Australian Physiotherapy Association
- Abbreviation: APA
- Formation: December 1905; 120 years ago
- Founder: Teepoo Hall
- Headquarters: 1175 Toorak Road, Camberwell, Victoria Australia
- President: Scott Willis
- Website: australian.physio
- Formerly called: Australasian Massage Association

= Australian Physiotherapy Association =

The Australian Physiotherapy Association (formerly the Australasian Massage Association) was founded by Teepoo Hall in 1905. The APA has published the Journal of Physiotherapy since 1954.

==History==
In February 1905, the prominent physician Frederick Teepoo Hall called a meeting of scholars to call attention to the need for an organization which protected the profession of massage. By December 1905, the idea had considerable traction and Teepoo Hall convened a special meeting to form the Australasian Massage Association (AMA) with the purpose of establishing massage as a professional field. Sir Thomas Anderson Stuart was the association's first president.

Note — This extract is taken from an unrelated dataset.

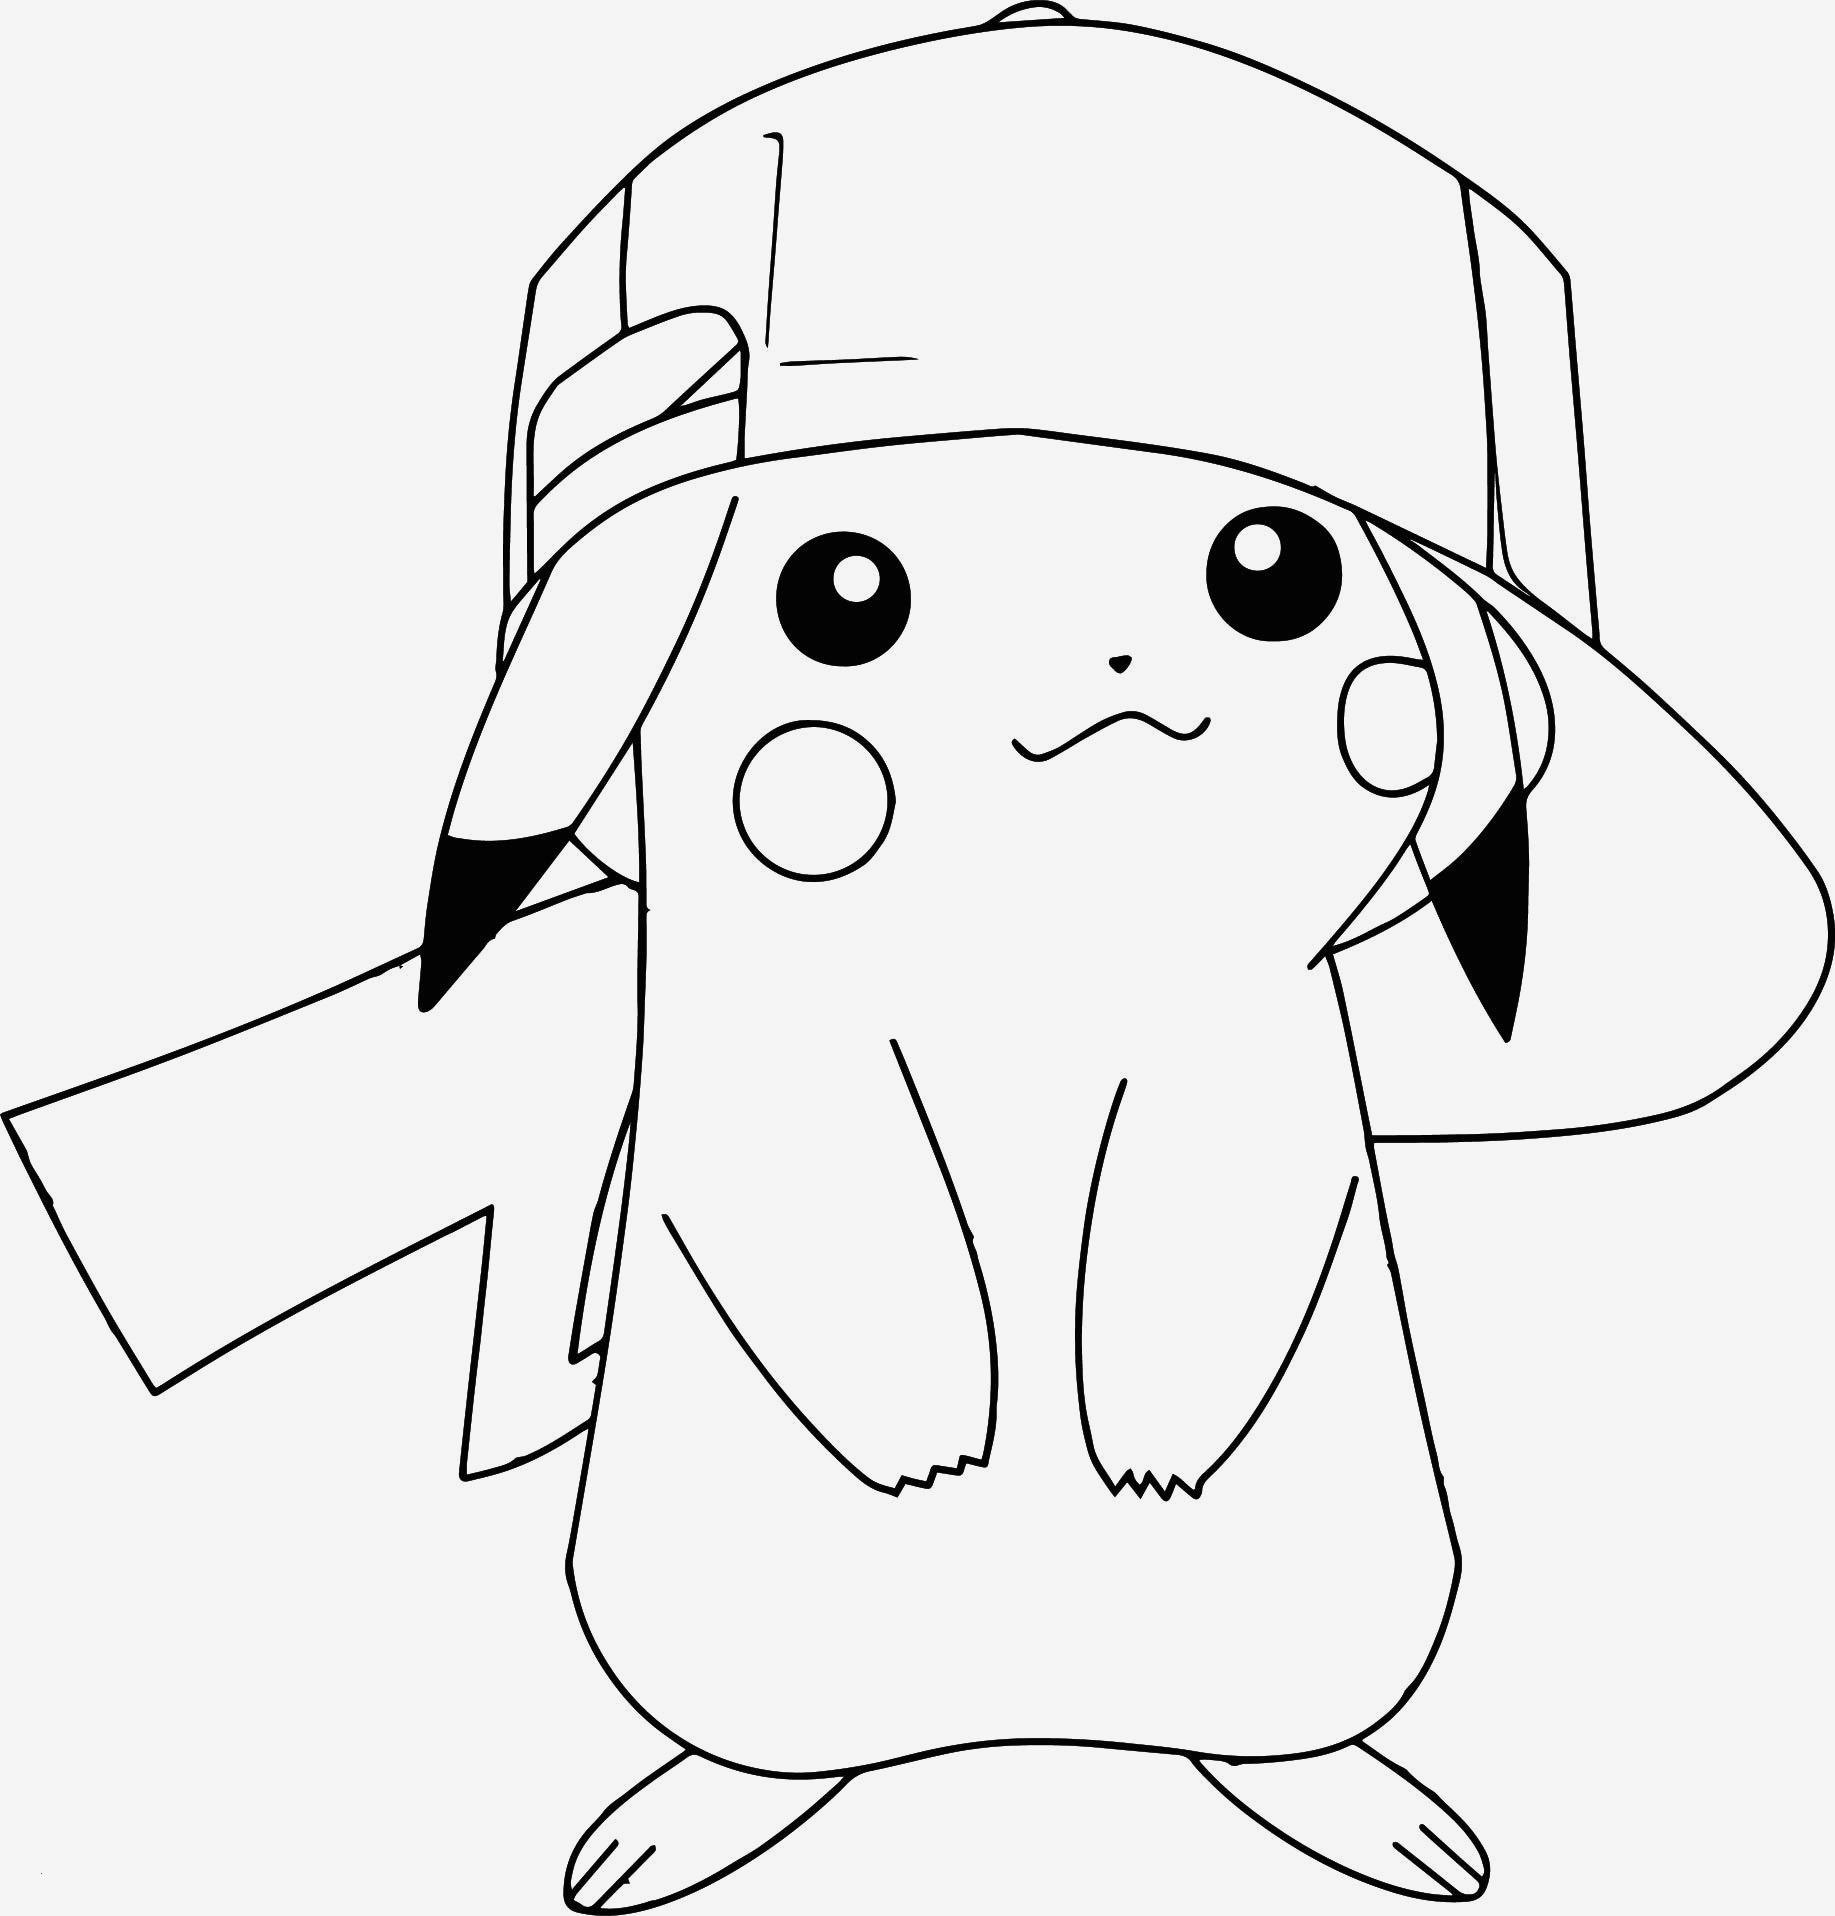 Pokemon Bilder Zum Ausmalen Genial Spannende Coloring Bilder Ausmalbild Pokemon Bilder

The first paid secretary, Evelyn Paget Evans, of the Australasian Trained Nurses Association also became the General secretary of this Association (which was then called the Australian Massage Association) in 1917. Evans served as the secretary until 1956.

==Activities==
The first formal field of study for physiotherapy was developed by the AMA, and was approved by Federal Council in May 1906. During World War I and World War II, physical therapy and massage as a field became in much higher demand, and the term physiotherapy became more well known.

At the Second National Physiotherapy Congress in 1939, a decision was made to rename the organization as the Australian Physiotherapy Association. The APA began publishing Australian Journal of Physiotherapy (which was later renamed the Journal of Physiotherapy) in 1954. In August 1962 Queen Elizabeth II granted royal patronage to the APA.